В письме случайном искорка любви — уже необычайное явление!
Не удивляйся, что я сед!
Что мимо всех пройдет — меня коснется!
Зато твой взгляд вполнеба — как рассвет!
А имя, по значенью, выше солнца!
Далее шла подпись: «Тебе, Виталий, на память! Вадим Сикорский…»
Не правда ли, чудесные стихи? И как точно подмечены черты моего характера. Я действительно очень романтичен и легкораним. У меня нет кожи, и я весь словно обнаженная рана: порой даже одно обидное слово, брошенное невзначай близким мне человеком, заставляет меня страдать. Правда, у меня мягкий характер: я не держу зла и быстро отхожу, но нанесенная рана заживает долго.
Собственно говоря, ранимость и маниакальная честность — главные свойства моего характера…
К моему стыду, до этой встречи мне не попадались стихи этого поэта, но его фамилия была известна: тогда он был популярен. Я приложил максимум усилий, чтобы разыскать сборник его стихов, прочитав которые я с удовольствием отметил, что его поэзия очень близка мне по духу, и я очень благодарен судьбе за то, что познакомился с ним и его стихами…
Но вернемся в веселые и голодные студенческие годы…

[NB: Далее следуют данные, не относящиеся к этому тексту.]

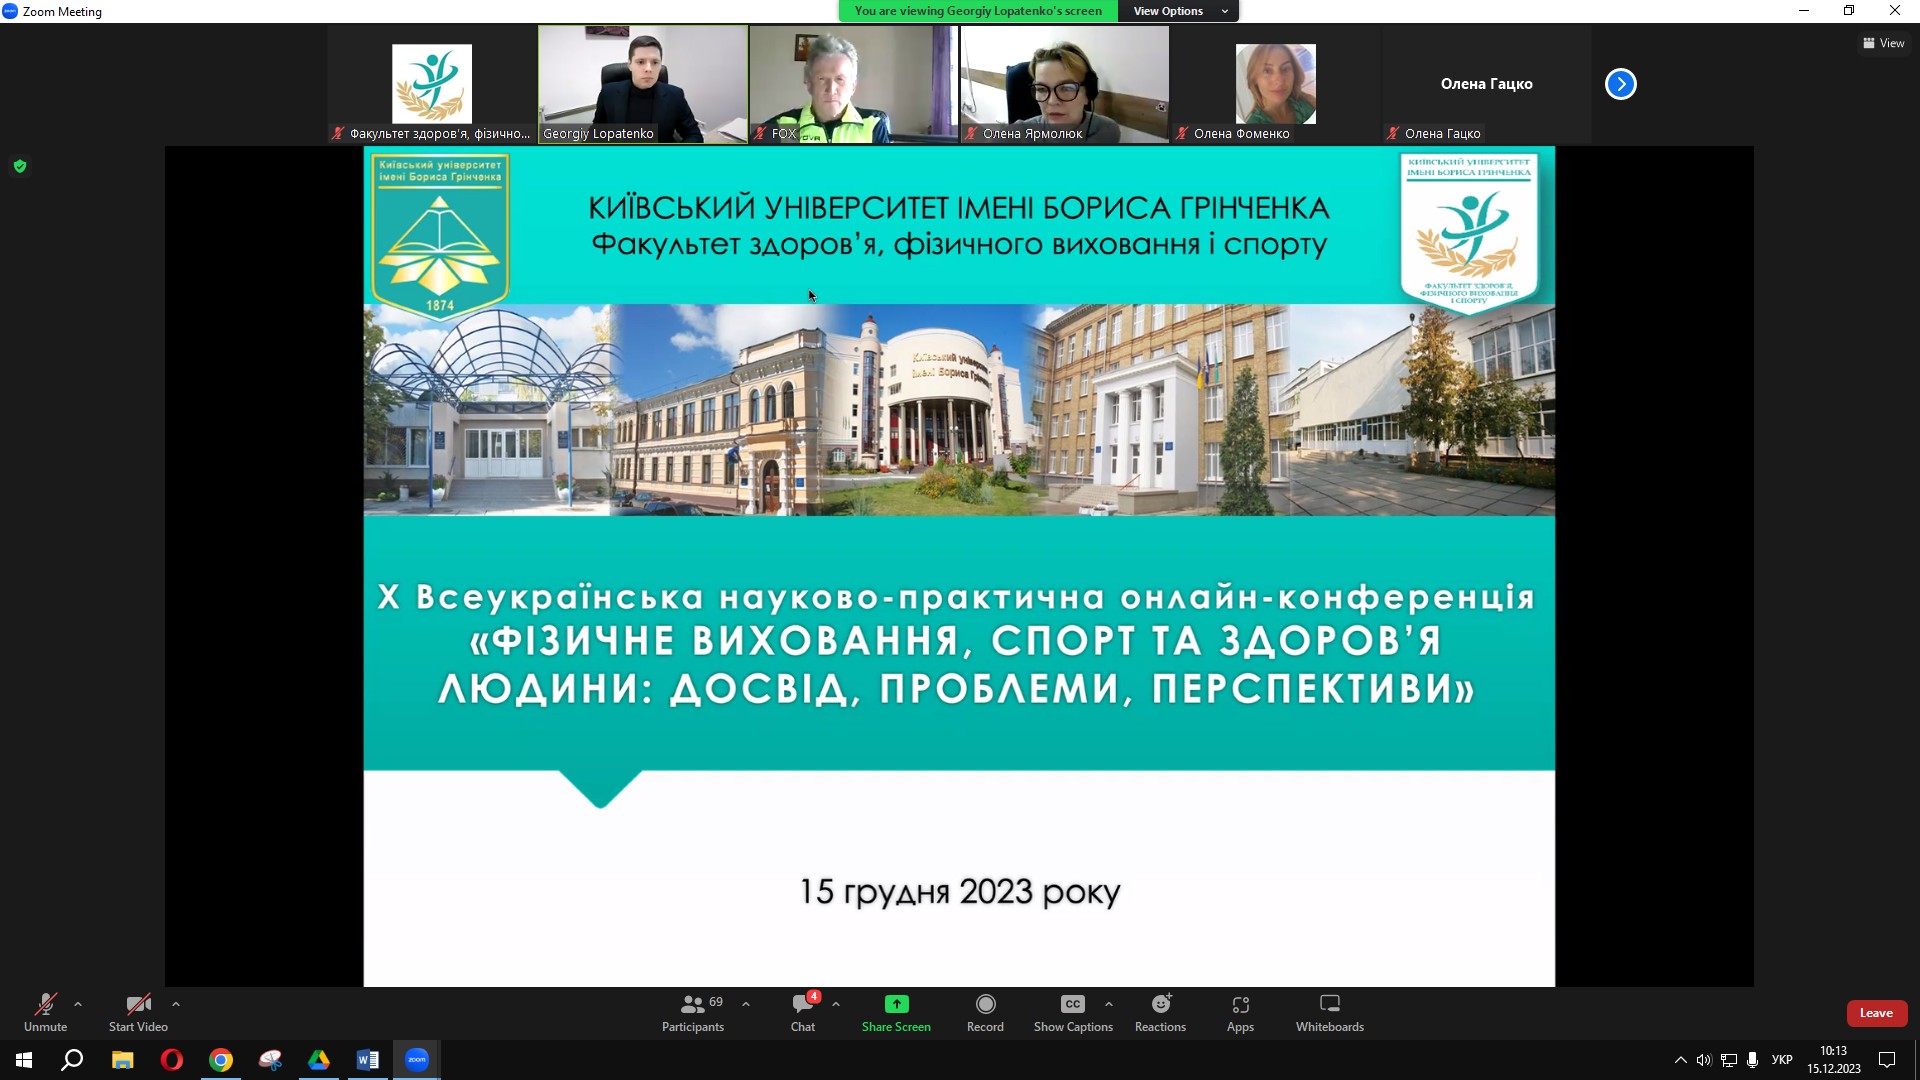 Х Всеукраїнська науково-практична онлайн-конференція «Фізичне виховання спорт та здоров’я людини: досвід, проблеми, перспективи» (у циклі Анохінських читань)

Примерно через месяц после отъезда Ларисы, когда я уже заканчивал первый курс: остался один экзамен, меня вызвал из комнаты дежурный вахтер общежития, сказав, что ко мне кто-то пришел.

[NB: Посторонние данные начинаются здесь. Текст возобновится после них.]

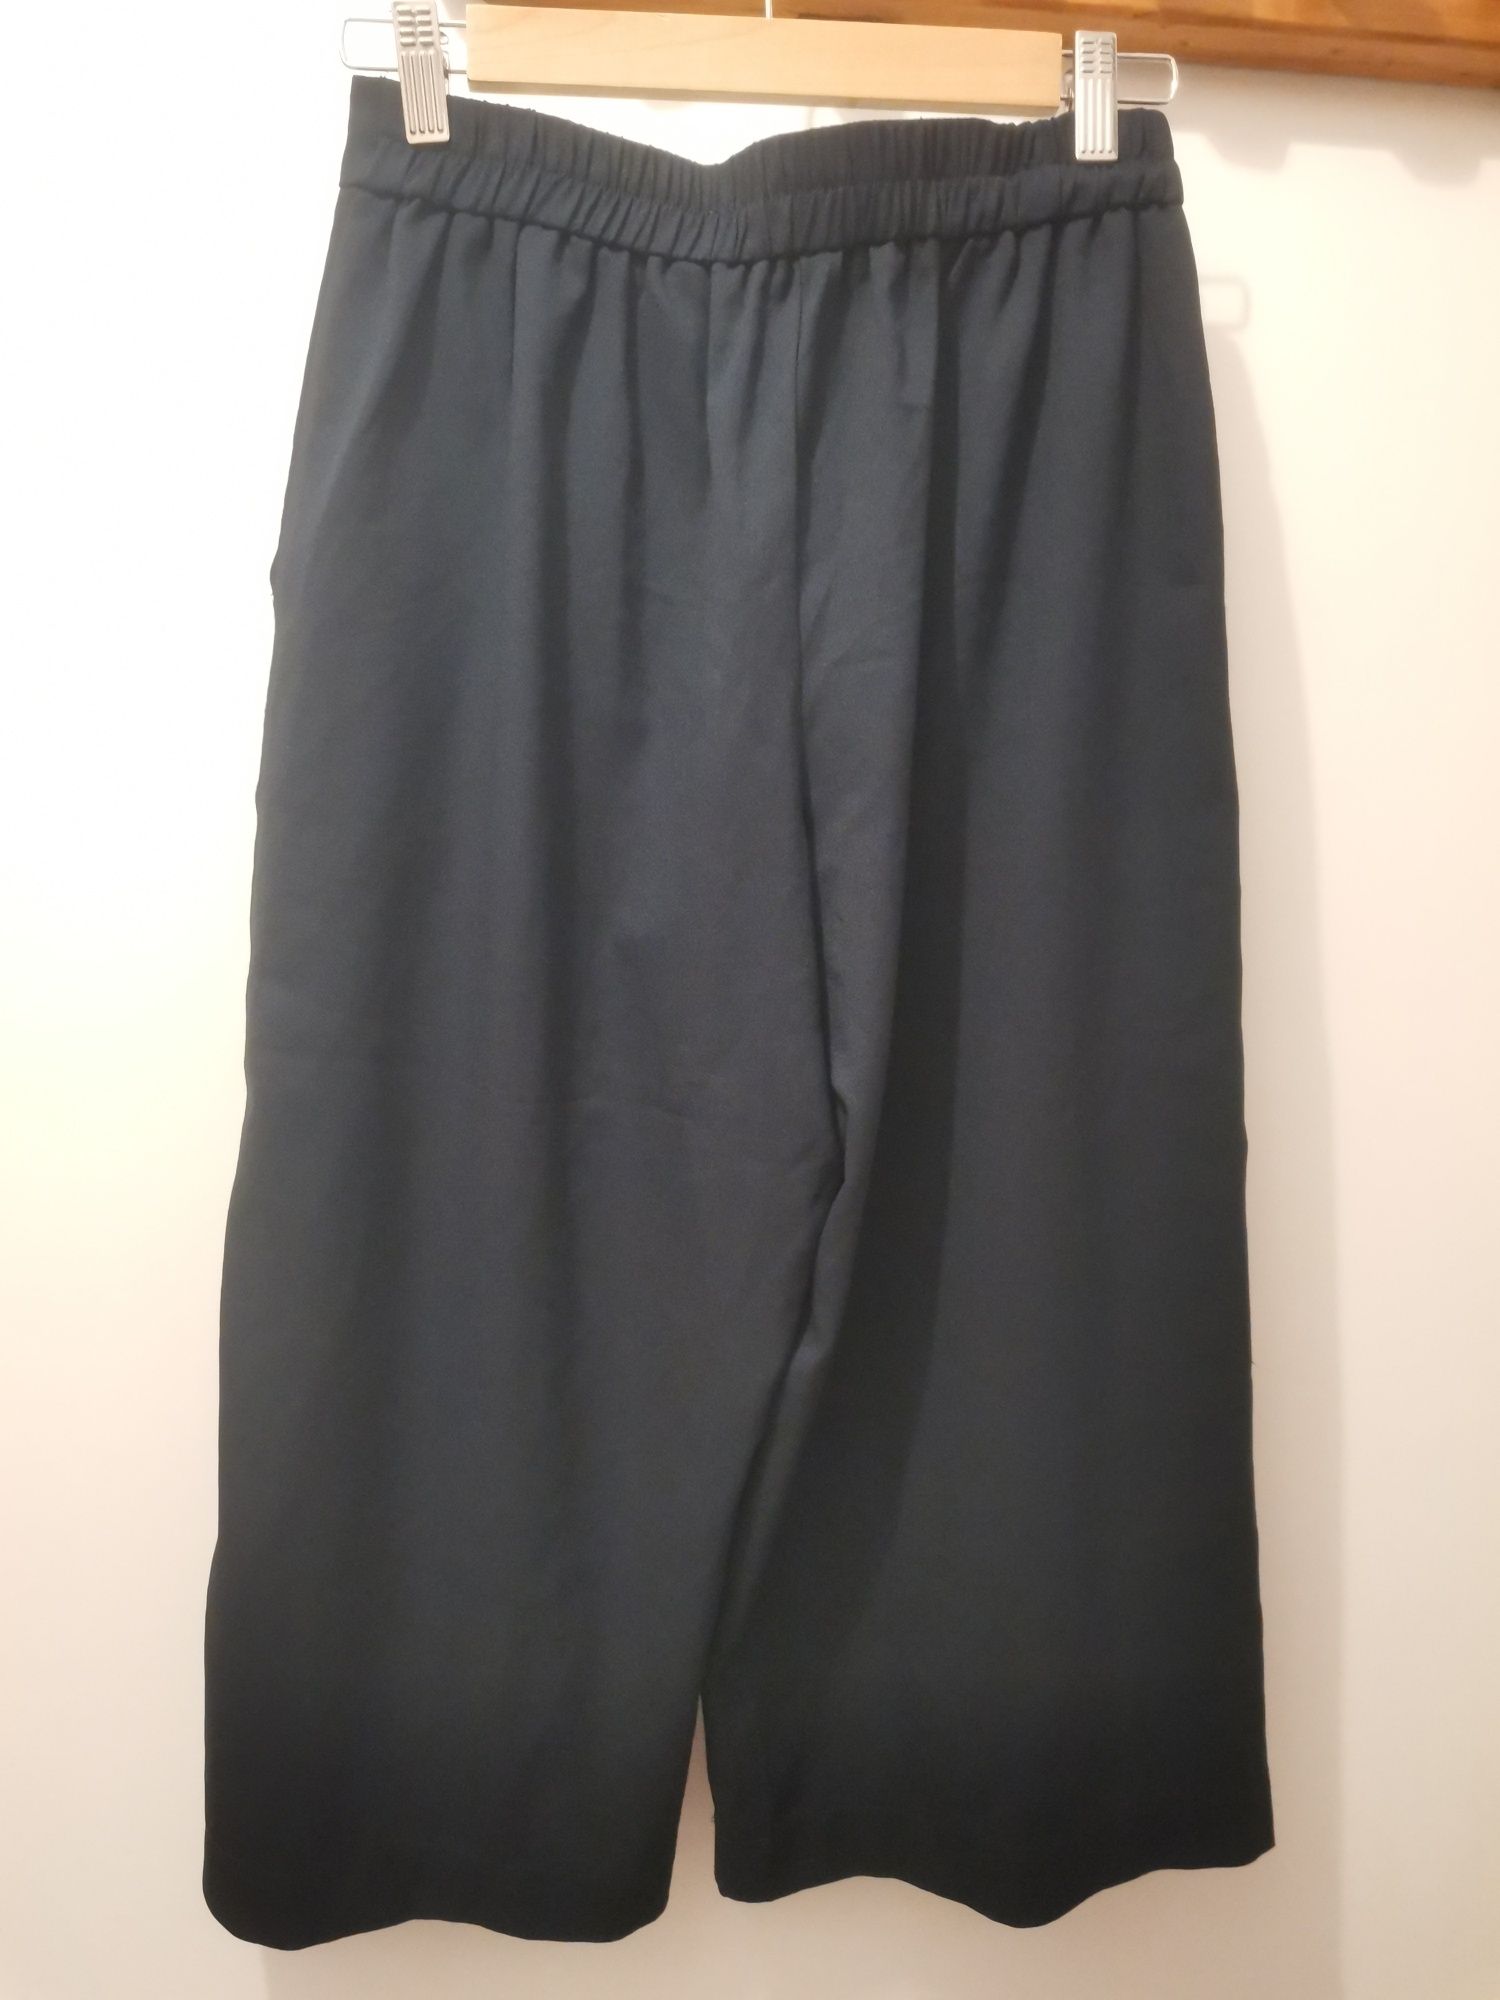 Pantaloni culottes Vero Moda 34

Нередко случалось, что кто-нибудь из знакомых являлся в гости без предупреждения, тогда их не впускали в общежитие, поскольку пропуск заказывался заранее. Но на этот раз меня ждал совсем незнакомый мне мужчина лет пятидесяти. Причем ждал на улице, хотя, как сообщил дежурный, он предлагал подождать внутри.
Незнакомец был очень импозантно одет: как-то неуловимо «не по-нашему», с очень уж очевидным вкусом, и от него приятно пахло чем-то заграничным.
— Вы Виктор Доценкофф? — спросил мужчина с легким акцентом.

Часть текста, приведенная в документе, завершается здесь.